== TASK ==
Transcribe the listing underneath, keeping each word exact and omitting the images.

== DATASET EXTRACT ==
* * * * * * * * *
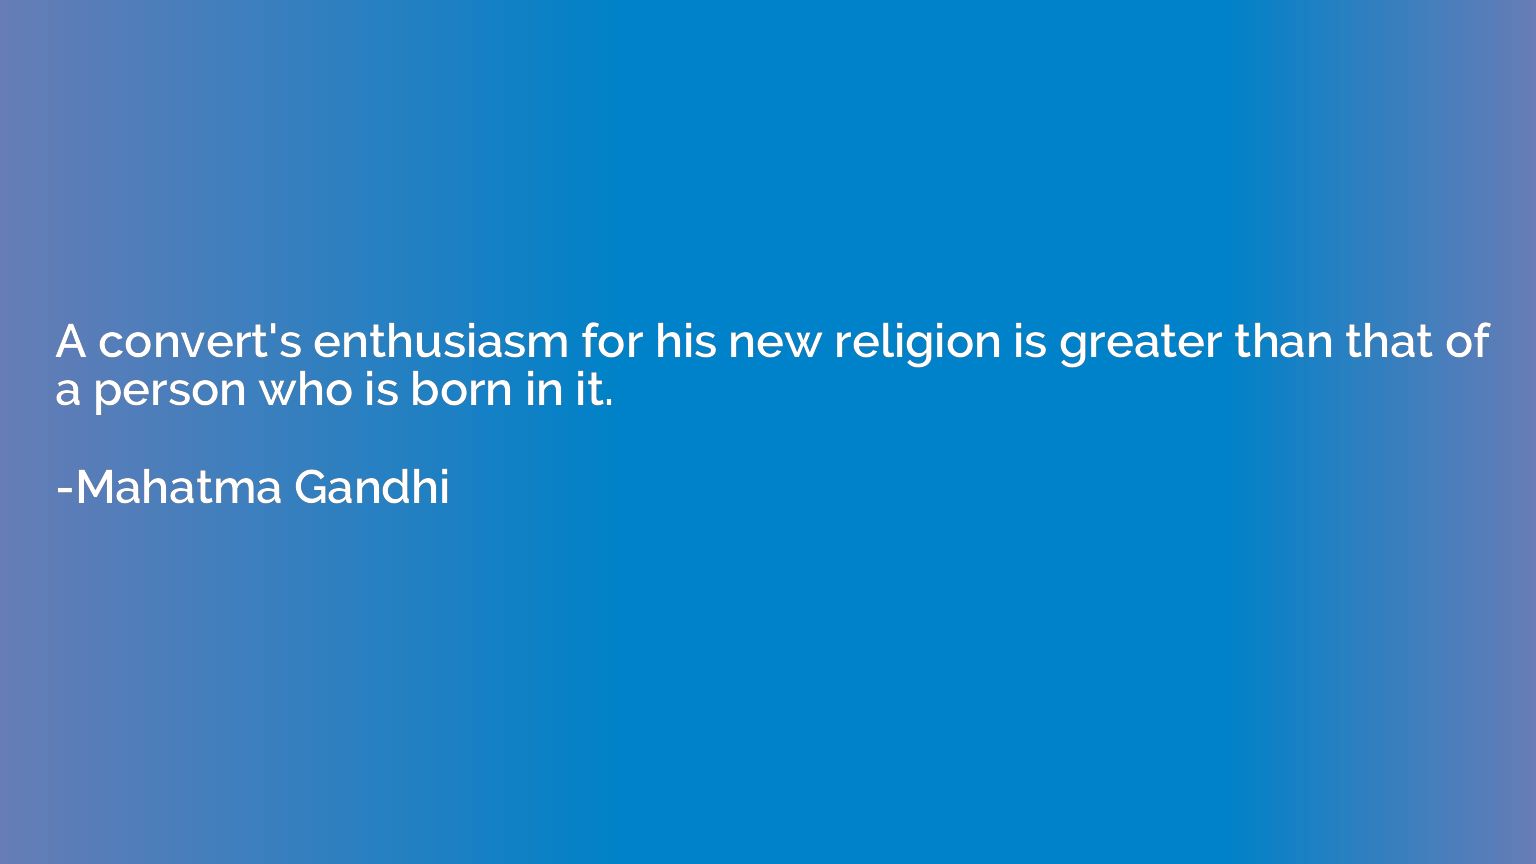 A convert's enthusiasm for his new religion is greater than 
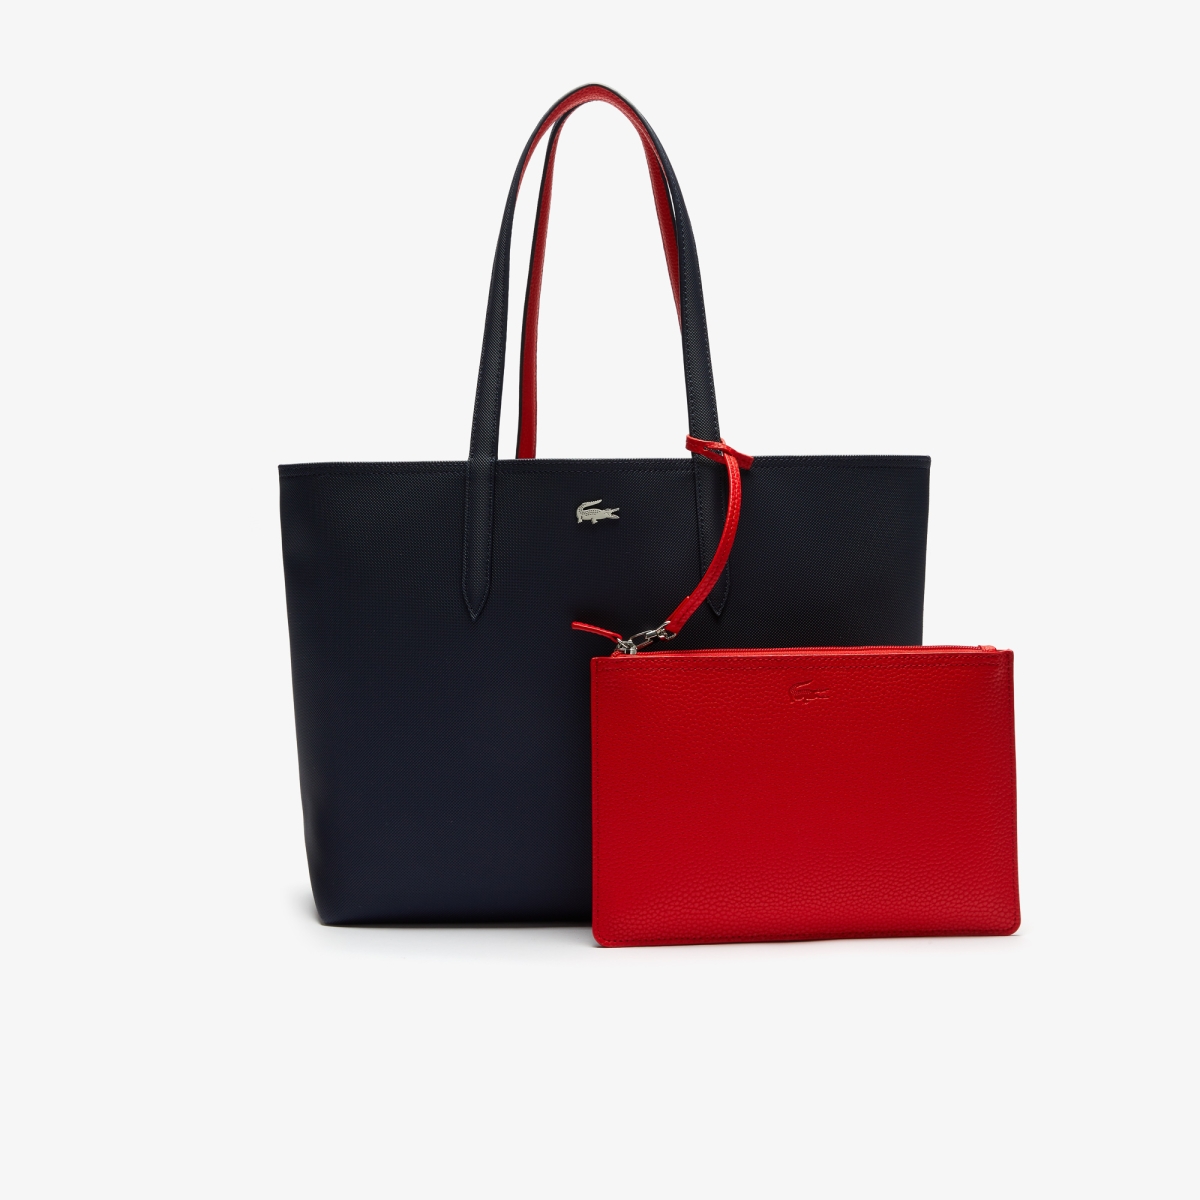 Lacoste Women's Anna Reversible Bicolor Tote Bag - One Size
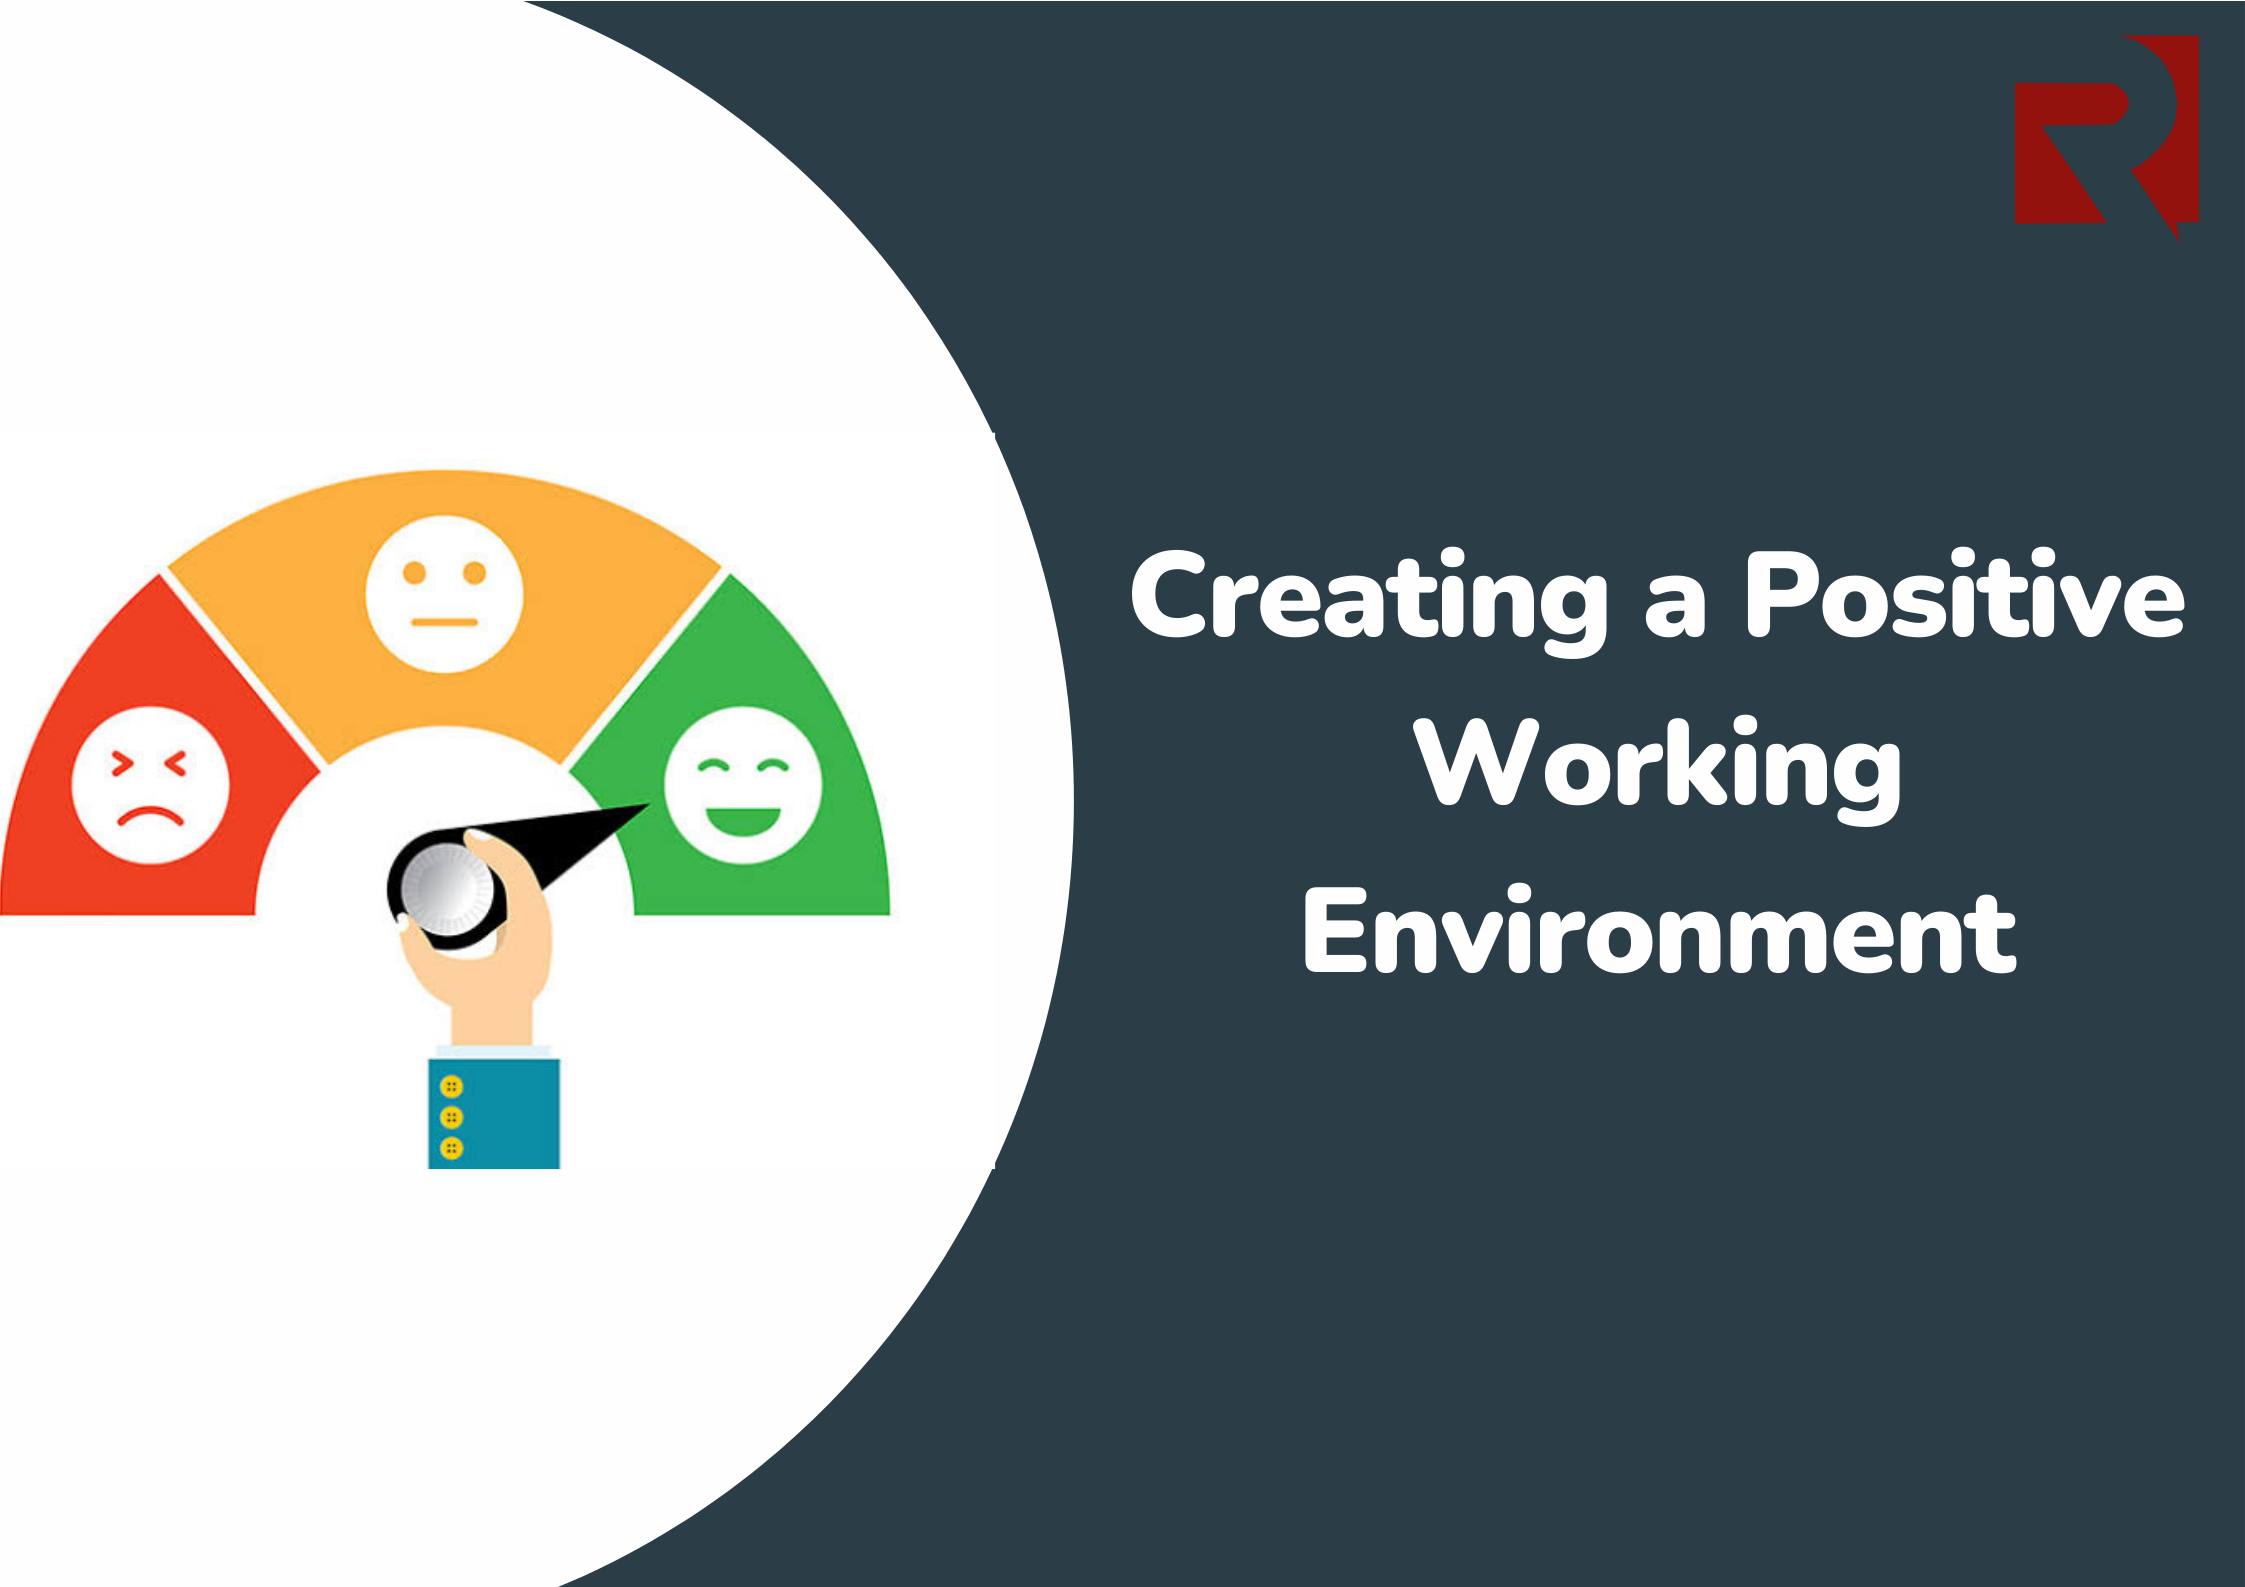 Creating a Positive Working Environment
* * * * * * * * *
== EXERCISE RESULT ==
 A convert's enthusiasm for his new religion is greater than 
 Lacoste Women's Anna Reversible Bicolor Tote Bag - One Size
 Creating a Positive Working Environment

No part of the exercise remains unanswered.